**Task to complete**
Return, word for word, the lines of the listing below from the one with "n_1967 Pontiac Accessories-46.jpg" through the one with "Kommunfullmäktige beslutar a)", and no other lines.

**Records for this task**
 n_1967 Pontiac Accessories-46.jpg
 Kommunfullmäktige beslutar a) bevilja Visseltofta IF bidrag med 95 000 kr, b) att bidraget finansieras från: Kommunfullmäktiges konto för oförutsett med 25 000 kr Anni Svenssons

* * *

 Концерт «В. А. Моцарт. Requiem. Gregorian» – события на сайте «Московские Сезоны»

...

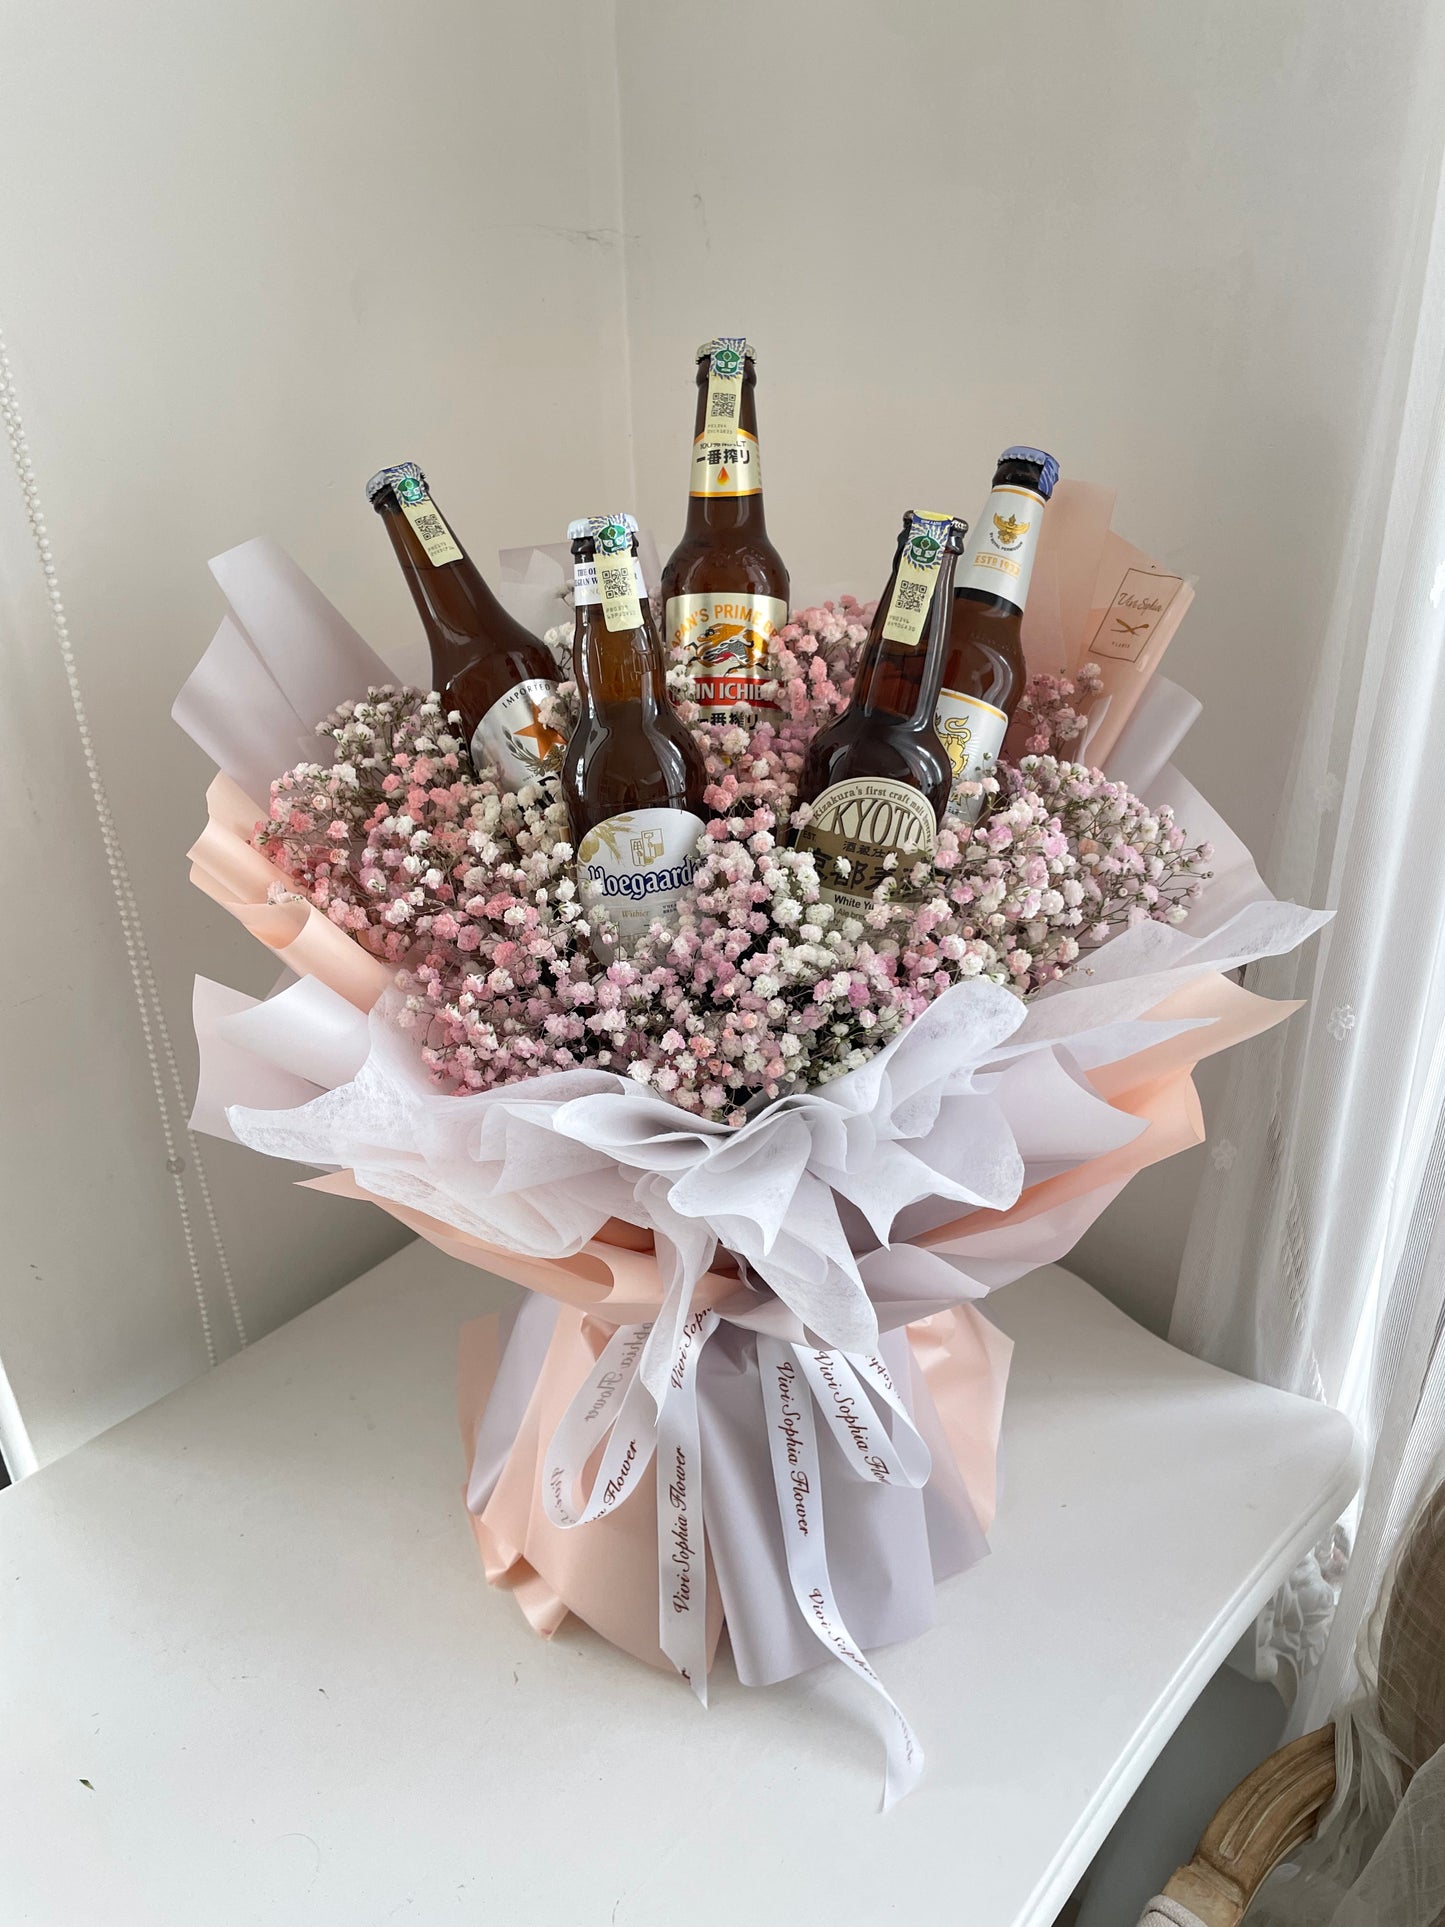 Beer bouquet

**Solution to this exercise**
 n_1967 Pontiac Accessories-46.jpg
 Kommunfullmäktige beslutar a) bevilja Visseltofta IF bidrag med 95 000 kr, b) att bidraget finansieras från: Kommunfullmäktiges konto för oförutsett med 25 000 kr Anni Svenssons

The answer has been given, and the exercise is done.